Exercise directions – Print the listing in full, exactly as it stands.

Information shown –
━━━

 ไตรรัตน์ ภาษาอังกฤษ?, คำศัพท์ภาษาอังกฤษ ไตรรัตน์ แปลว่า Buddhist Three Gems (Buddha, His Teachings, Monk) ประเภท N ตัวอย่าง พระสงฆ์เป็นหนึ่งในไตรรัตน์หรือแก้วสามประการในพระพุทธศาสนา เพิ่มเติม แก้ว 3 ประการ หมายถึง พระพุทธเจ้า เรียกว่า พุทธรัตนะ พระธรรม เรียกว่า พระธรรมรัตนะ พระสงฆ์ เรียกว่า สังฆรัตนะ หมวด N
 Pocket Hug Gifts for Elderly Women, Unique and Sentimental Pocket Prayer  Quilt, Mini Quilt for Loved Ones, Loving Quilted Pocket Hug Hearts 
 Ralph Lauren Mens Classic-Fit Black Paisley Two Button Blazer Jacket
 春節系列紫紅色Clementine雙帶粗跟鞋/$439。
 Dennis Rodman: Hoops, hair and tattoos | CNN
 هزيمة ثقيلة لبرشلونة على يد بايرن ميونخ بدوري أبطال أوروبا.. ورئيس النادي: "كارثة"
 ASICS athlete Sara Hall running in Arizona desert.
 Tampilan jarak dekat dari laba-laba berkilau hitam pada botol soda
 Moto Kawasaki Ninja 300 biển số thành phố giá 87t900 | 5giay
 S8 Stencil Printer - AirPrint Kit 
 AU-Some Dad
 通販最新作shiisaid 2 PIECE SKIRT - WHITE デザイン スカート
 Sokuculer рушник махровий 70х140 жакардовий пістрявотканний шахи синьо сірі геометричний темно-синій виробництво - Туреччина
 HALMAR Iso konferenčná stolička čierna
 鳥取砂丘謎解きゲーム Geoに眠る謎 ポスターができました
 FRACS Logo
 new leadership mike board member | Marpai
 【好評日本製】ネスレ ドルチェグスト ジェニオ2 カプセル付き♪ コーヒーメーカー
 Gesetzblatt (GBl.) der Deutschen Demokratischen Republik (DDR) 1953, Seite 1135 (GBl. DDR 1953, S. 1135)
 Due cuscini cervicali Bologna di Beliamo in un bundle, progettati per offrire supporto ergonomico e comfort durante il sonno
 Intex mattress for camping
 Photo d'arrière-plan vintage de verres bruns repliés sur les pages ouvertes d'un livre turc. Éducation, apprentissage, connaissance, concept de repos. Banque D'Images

━━━

Written answer –
 ไตรรัตน์ ภาษาอังกฤษ?, คำศัพท์ภาษาอังกฤษ ไตรรัตน์ แปลว่า Buddhist Three Gems (Buddha, His Teachings, Monk) ประเภท N ตัวอย่าง พระสงฆ์เป็นหนึ่งในไตรรัตน์หรือแก้วสามประการในพระพุทธศาสนา เพิ่มเติม แก้ว 3 ประการ หมายถึง พระพุทธเจ้า เรียกว่า พุทธรัตนะ พระธรรม เรียกว่า พระธรรมรัตนะ พระสงฆ์ เรียกว่า สังฆรัตนะ หมวด N
 Pocket Hug Gifts for Elderly Women, Unique and Sentimental Pocket Prayer  Quilt, Mini Quilt for Loved Ones, Loving Quilted Pocket Hug Hearts 
 Ralph Lauren Mens Classic-Fit Black Paisley Two Button Blazer Jacket
 春節系列紫紅色Clementine雙帶粗跟鞋/$439。
 Dennis Rodman: Hoops, hair and tattoos | CNN
 هزيمة ثقيلة لبرشلونة على يد بايرن ميونخ بدوري أبطال أوروبا.. ورئيس النادي: "كارثة"
 ASICS athlete Sara Hall running in Arizona desert.
 Tampilan jarak dekat dari laba-laba berkilau hitam pada botol soda
 Moto Kawasaki Ninja 300 biển số thành phố giá 87t900 | 5giay
 S8 Stencil Printer - AirPrint Kit 
 AU-Some Dad
 通販最新作shiisaid 2 PIECE SKIRT - WHITE デザイン スカート
 Sokuculer рушник махровий 70х140 жакардовий пістрявотканний шахи синьо сірі геометричний темно-синій виробництво - Туреччина
 HALMAR Iso konferenčná stolička čierna
 鳥取砂丘謎解きゲーム Geoに眠る謎 ポスターができました
 FRACS Logo
 new leadership mike board member | Marpai
 【好評日本製】ネスレ ドルチェグスト ジェニオ2 カプセル付き♪ コーヒーメーカー
 Gesetzblatt (GBl.) der Deutschen Demokratischen Republik (DDR) 1953, Seite 1135 (GBl. DDR 1953, S. 1135)
 Due cuscini cervicali Bologna di Beliamo in un bundle, progettati per offrire supporto ergonomico e comfort durante il sonno
 Intex mattress for camping
 Photo d'arrière-plan vintage de verres bruns repliés sur les pages ouvertes d'un livre turc. Éducation, apprentissage, connaissance, concept de repos. Banque D'Images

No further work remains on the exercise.